Yeah it’s the weight that makes the difference. I got lucky with the second hand bikes. Mostly they only go about £50 less than the usual new price.

It’s really nice taking them both out, although slightly scary near roads. Luckily we have a lot of cycle paths and gravel near us.
 
Damn. Why didnt you guys told me how hard was going to clip!? Any tip!? Ty!
What are you having trouble with?

If it's targeting the cleat, this is something that just gets better with experience.
If you're requiring a lot of force to clip in, you could try reducing the tension of the pedal's retention mechanism. Some clipless pedals ship with the mechanisms very tight.
 
Yes. Targeting the clip mostly.
I started riding clipless (SPD) . again after a long long time. Just clip in a lot just lean against a wall and clip in and out until it comes natural. Pedals that allow to clip in from both sides defenitly help, and lowering the tension to the lowest point.
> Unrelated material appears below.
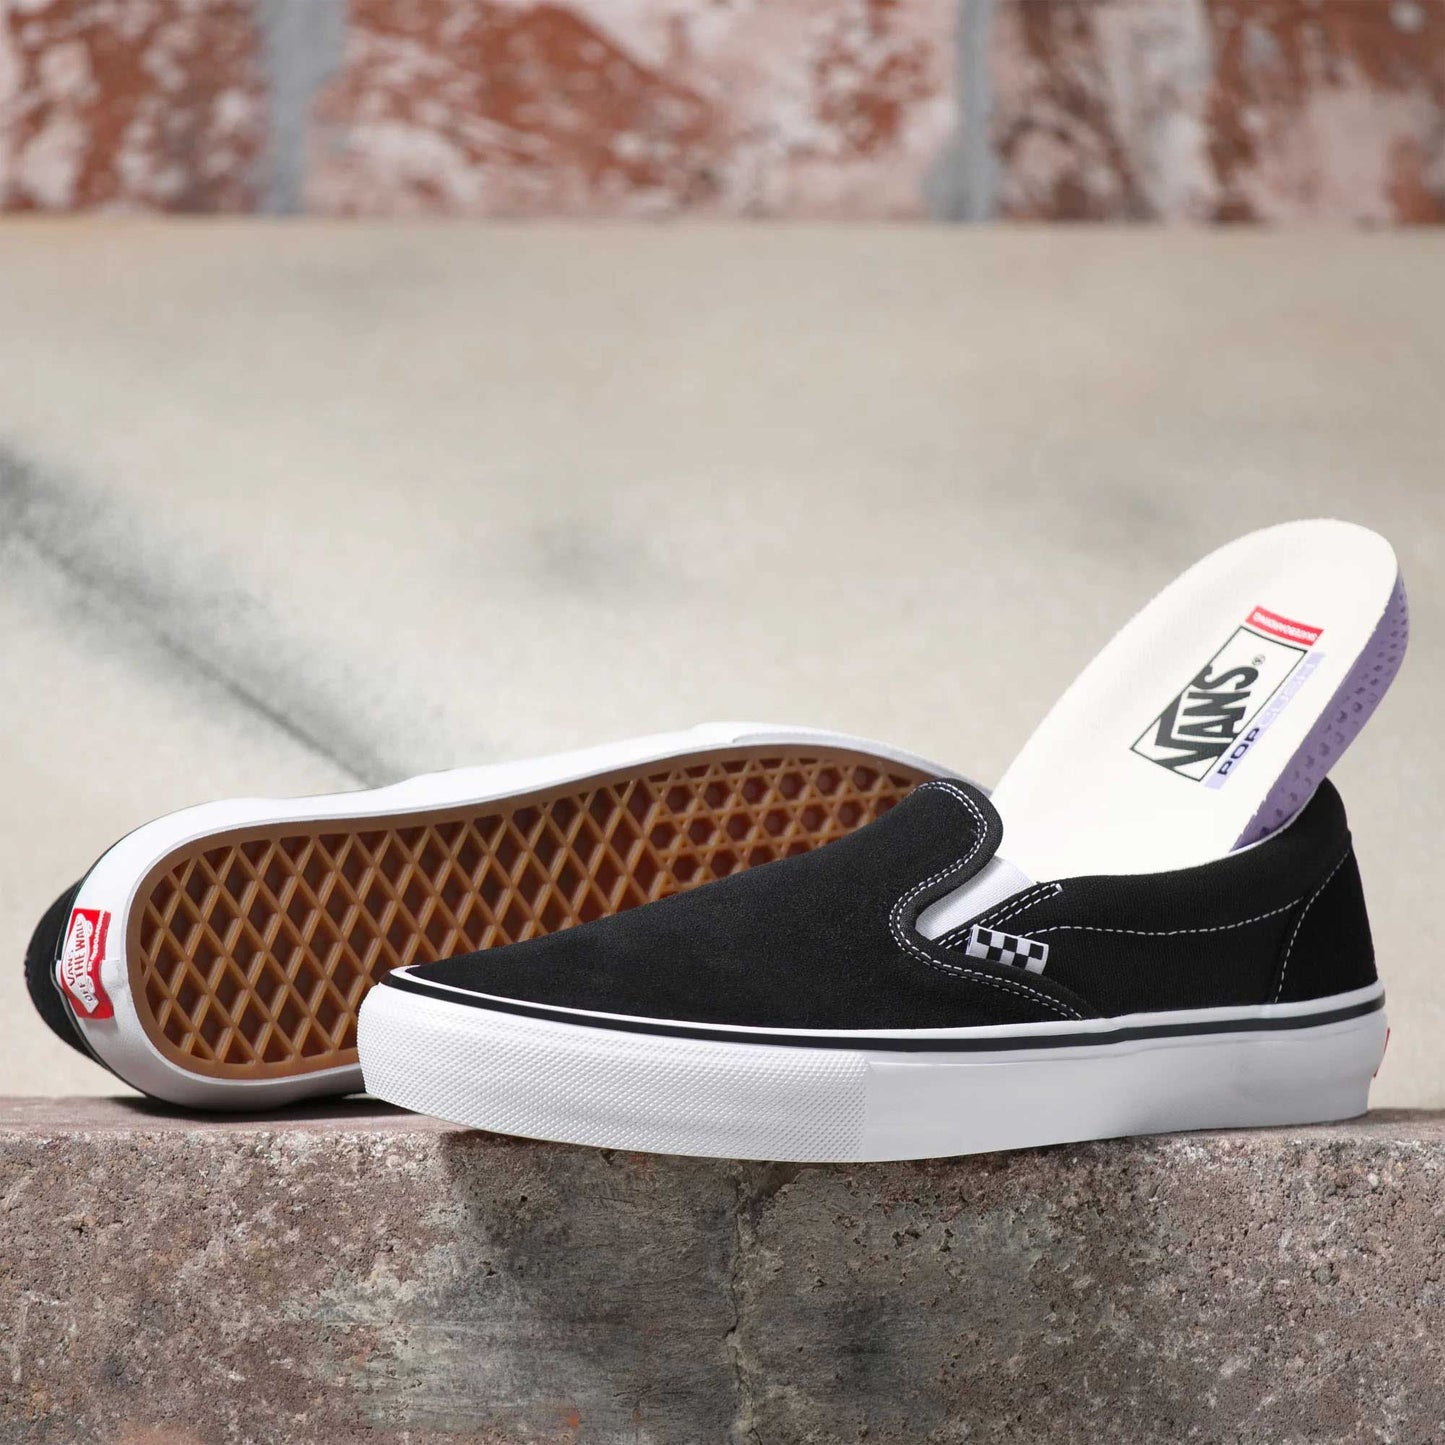 Vans Skate Slip-On, black/white - Tiki Room Skateboards - 2
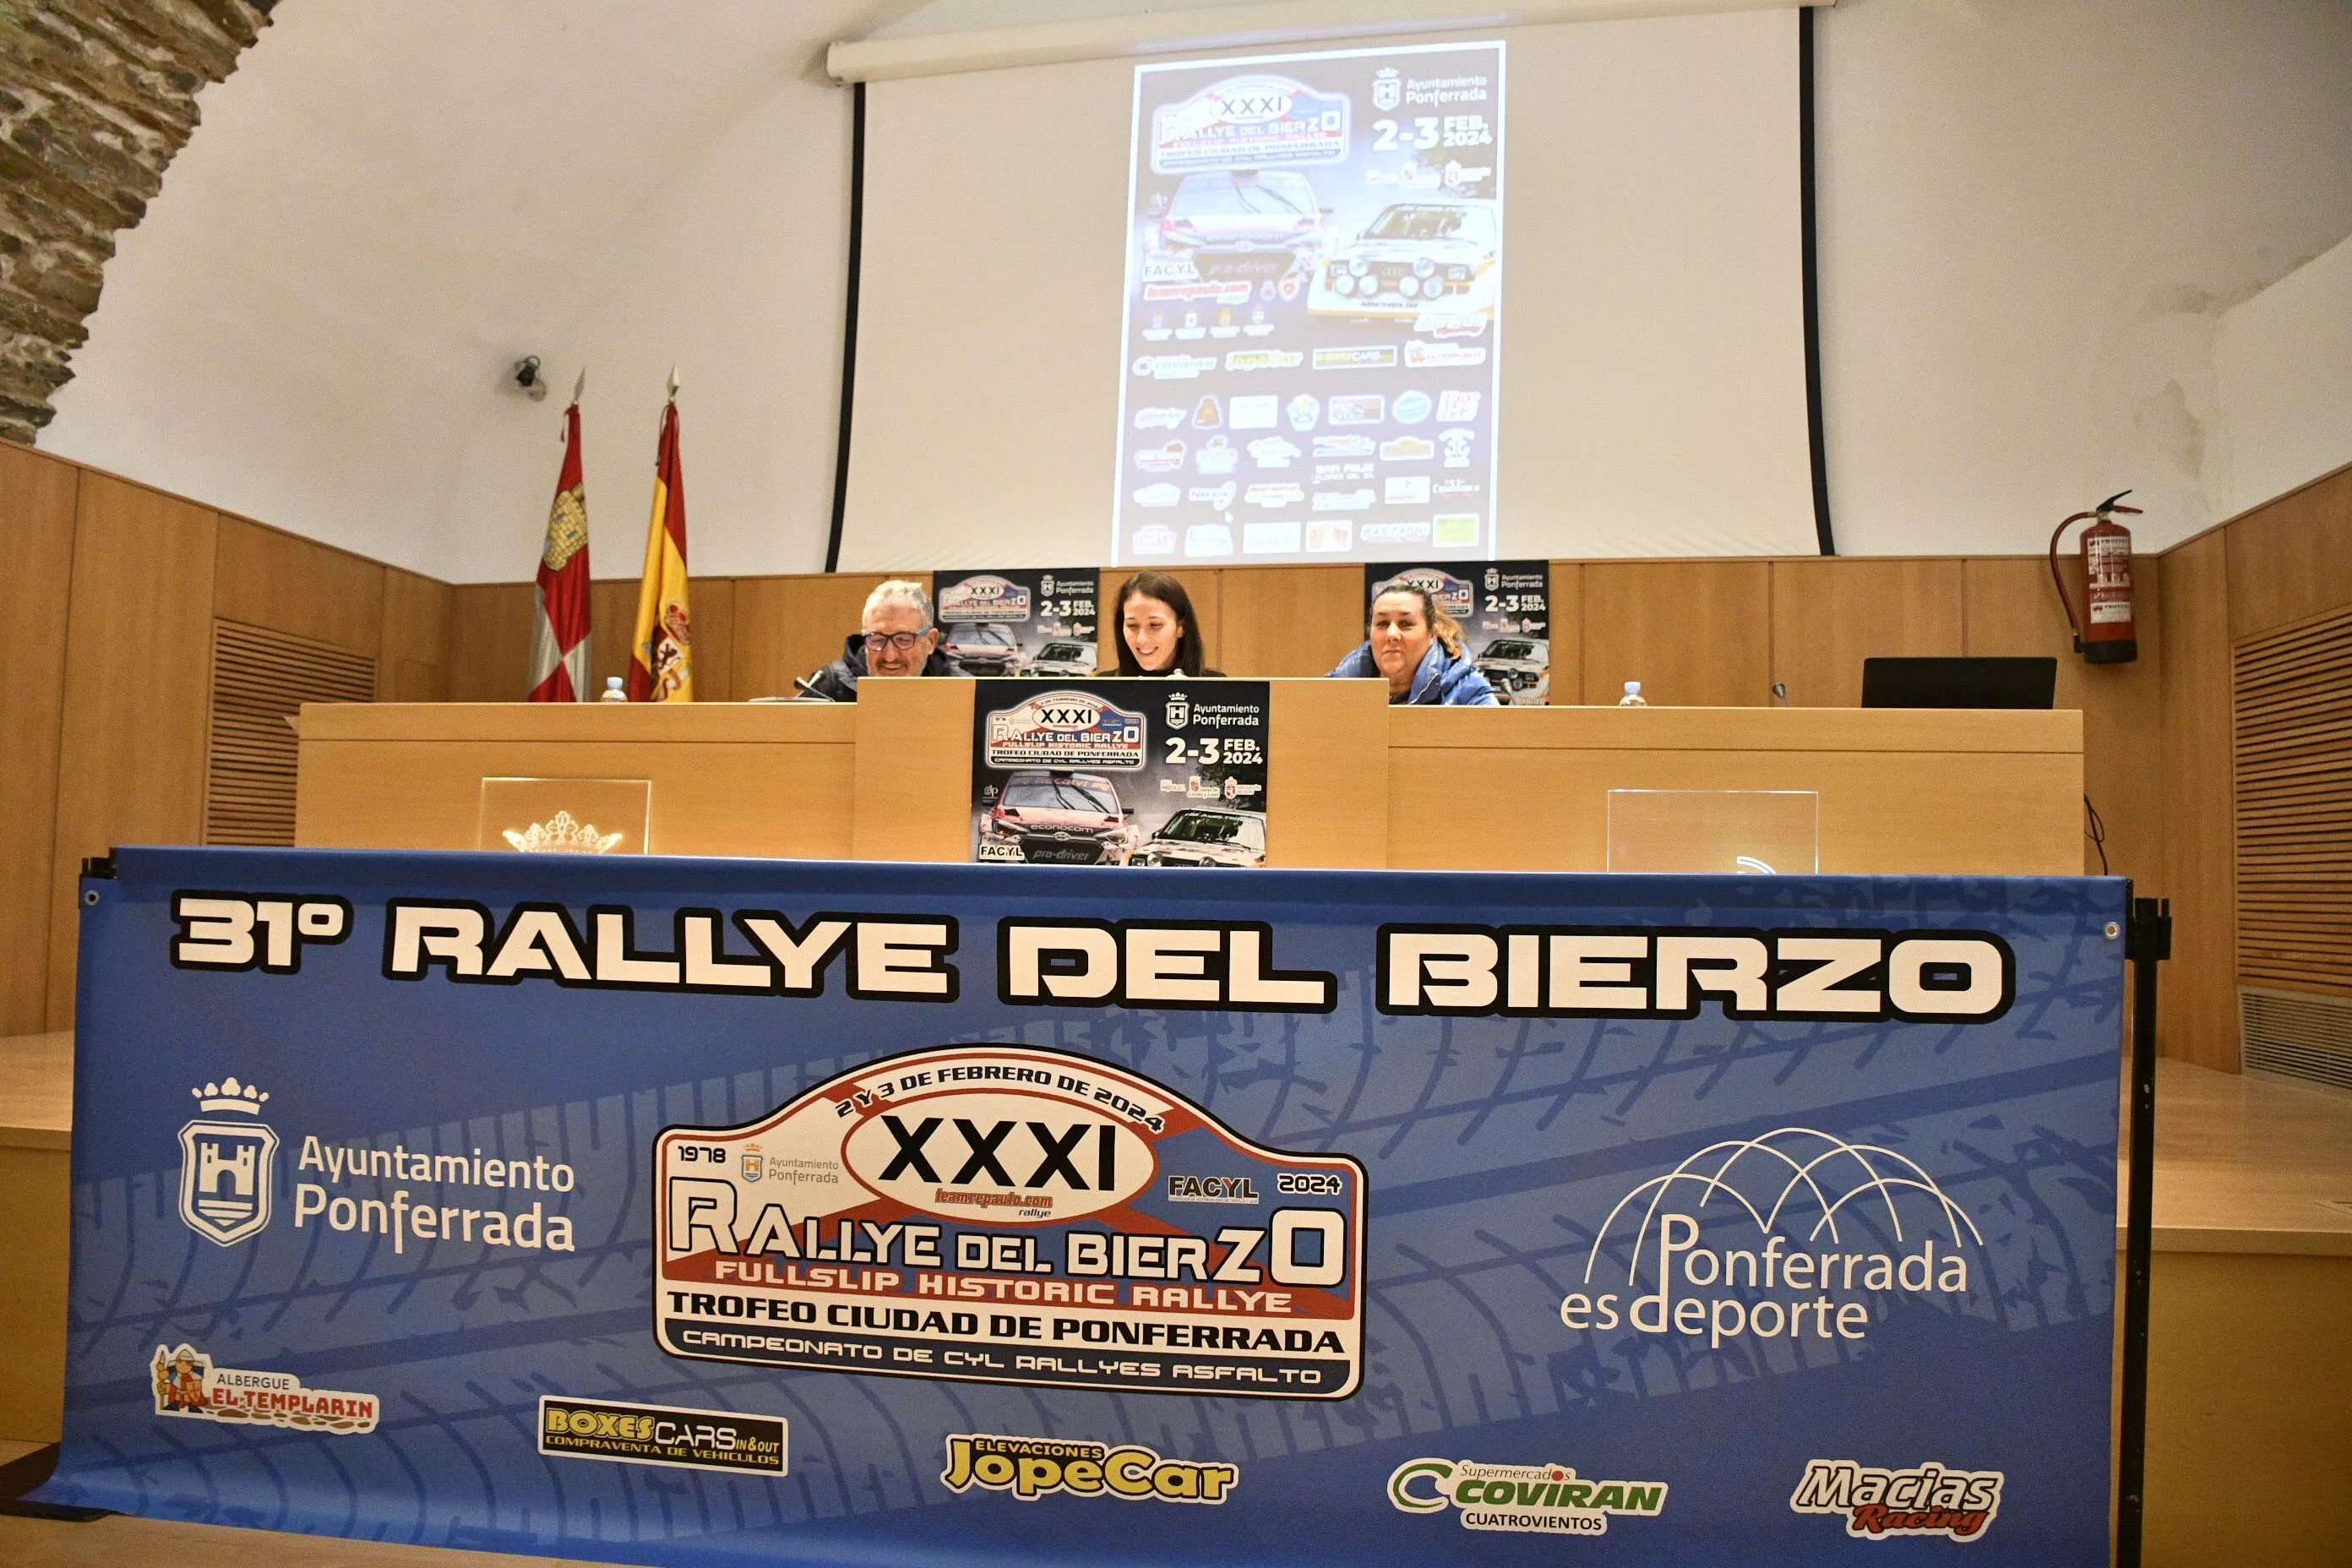 El 31º Rallye del Bierzo 'Trofeo Ciudad de Ponferrada' pisa el acelerador con 50 equipos inscritos

Man forgot how brutal uphills can be especially singletracks and accessroads that have a grad of 20+ . For my shitty legs 30x40 . just doesn't cut it... Like the bike quite a bit, but also didn't ride anything to rowdy since I'm getting used to riding MTB again. Will probably check my Fork settings, feeling that my LBS set it up with a bit to much air.
 
The year I started my amazing journey with cycling Sagan won the rainbow jersey. I don’t know what it is to live in a world where he isn’t the world champion.

Congrats to Valverde, about time he finally won it.
 
Any mountain bikers on here? Spent my morning at the Forest of Dean on the jump line trying to improve my jumping, just going over and over again. Made some progress as I got more used to the sensation of being in the air and was able to actually start to clear the table tops and get that nice flow going. Fun, but overall it was fairly inconsistent I think. Just need to practice more I guess, nail the take off a bit better. Back to the videos I go!

Tell you what though, there is a huge disconnect between what I feel like I'm doing and what I'm actually doing. Feels like I'm getting 6ft of clear sexy air, I got one of the guys there to video me, I'm actually getting more like 6 inches of air with really poor form. Ha!

I'll keep trying. Ultimately goal is to be able to jump with confidence, maybe chuck the odd whip in there if I get proper good.